メキシコ政府が発表した第5回政府報告書により、過去3年で、58万4,000人以上のメキシコ人が米国から送還されたことがわかった。なお、違法滞在などが発覚し送還された人と、自発的に帰国した人との区別は、公式にはされていない。
メキシコに帰国する送還者は、メキシコの内務省(Secretaría de Gobernación)が2014年3月に立ち上げた支援プログラム、ウィー・アー・メキシカンズ(We Are Mexicans、スペイン語名:ソモス・メヒカノス/Somos Mexicanos)を受けることが可能。同プログラムは、移民者に向けて食料の支援や宿泊施設、輸送サービスなどの提供を行っており、各政府機関に専用施設を設けている。家族や友人・知人に電話をかけることも許可されているという。
また内務省は、米国から送還されたメキシコ人の社会復帰に向けた政策を増強する方針を明らかにした。
国立統計・地理研究所(Instituto Nacional de Estadística y Geografía)による人口統計調査では、2009年から2014年の間に、約100万人のメキシコ人とその家族らが米国からメキシコに帰国したという。米国における調査では、同期間中、87万人以上がメキシコから米国に入国したことも明らかになった。

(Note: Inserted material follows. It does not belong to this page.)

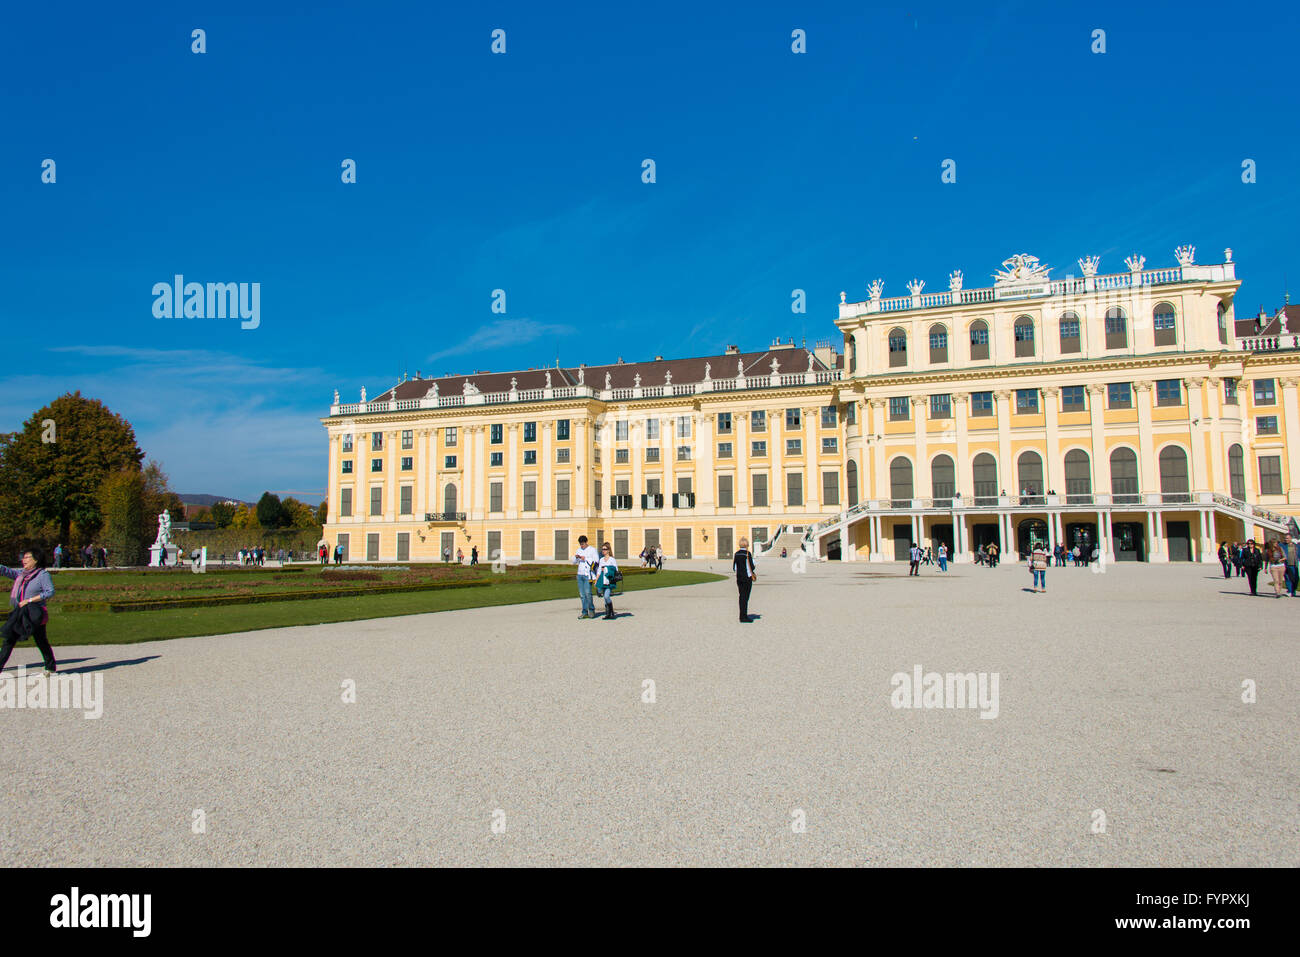 Vienna - OCTOBER 14: Schonbrunn Palace on October 14 in Vienna, Stock Photo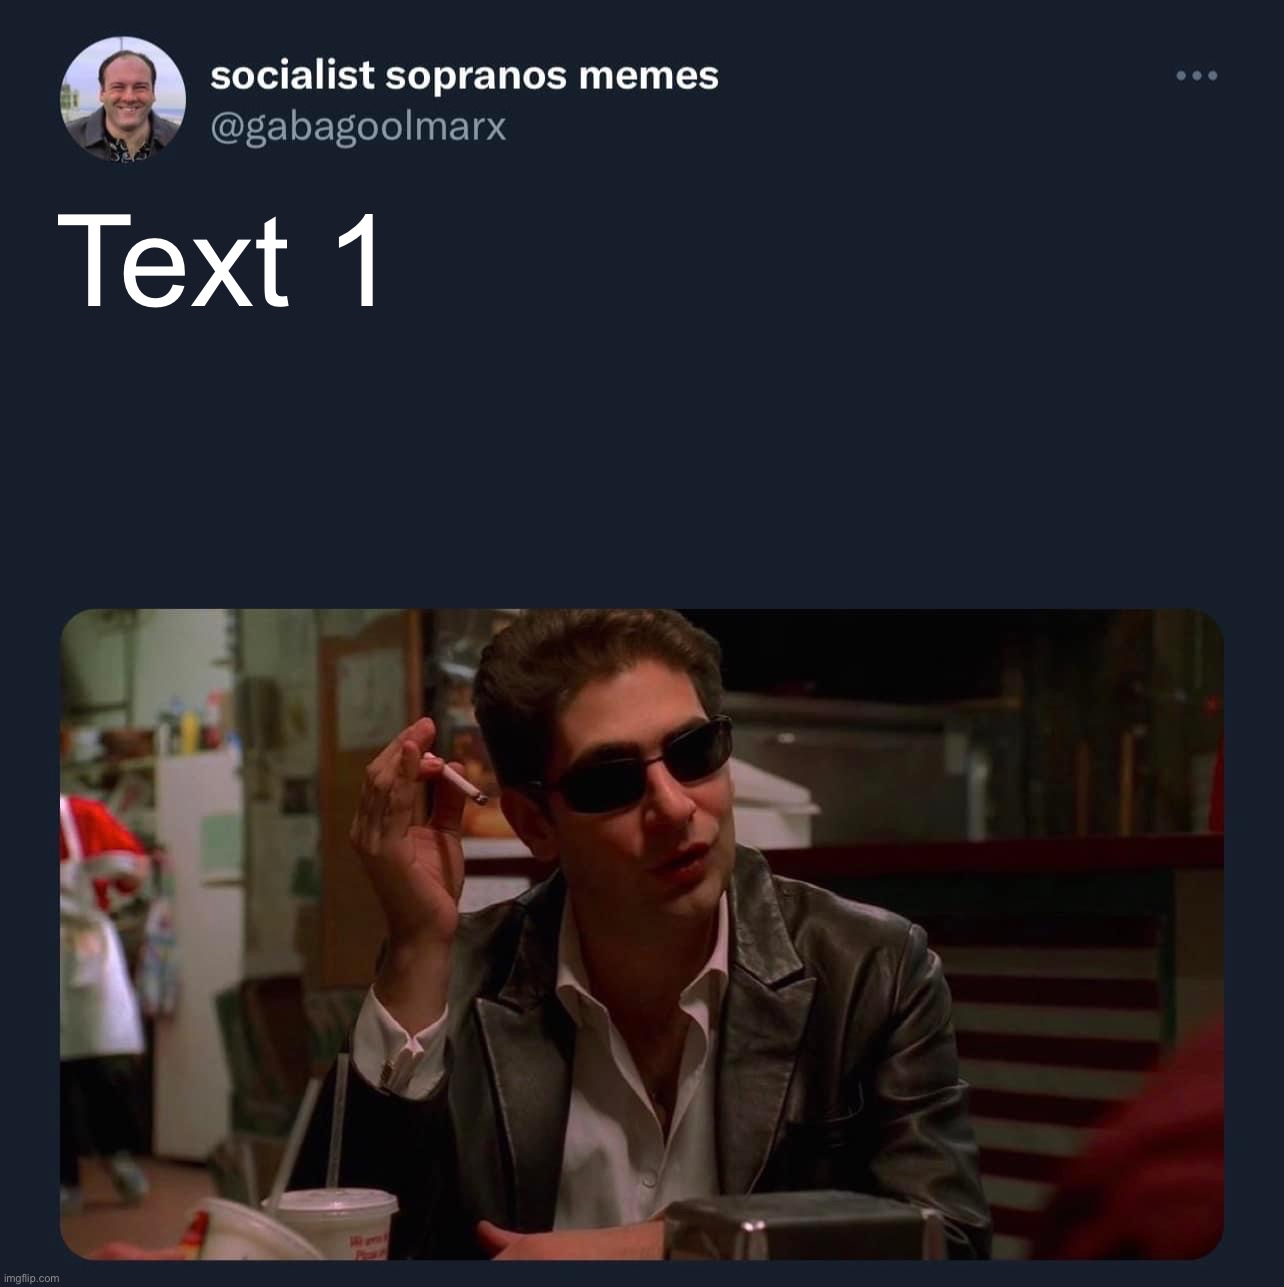 Socialist Sopranos memes template | Text 1 | image tagged in socialist sopranos memes template | made w/ Imgflip meme maker

米国ワシントンD.C.を拠点とし、社会問題や人種などの意見調査を行う研究所ピュー・リサーチ・センター(Pew Research Center)は、在米メキシコ人の数よりメキシコへ帰国する数の方が多いと伝えた。また、米国の出入国管理局によると、中米からの移民者が増加している一方、メキシコの移民者は減少傾向にあるという。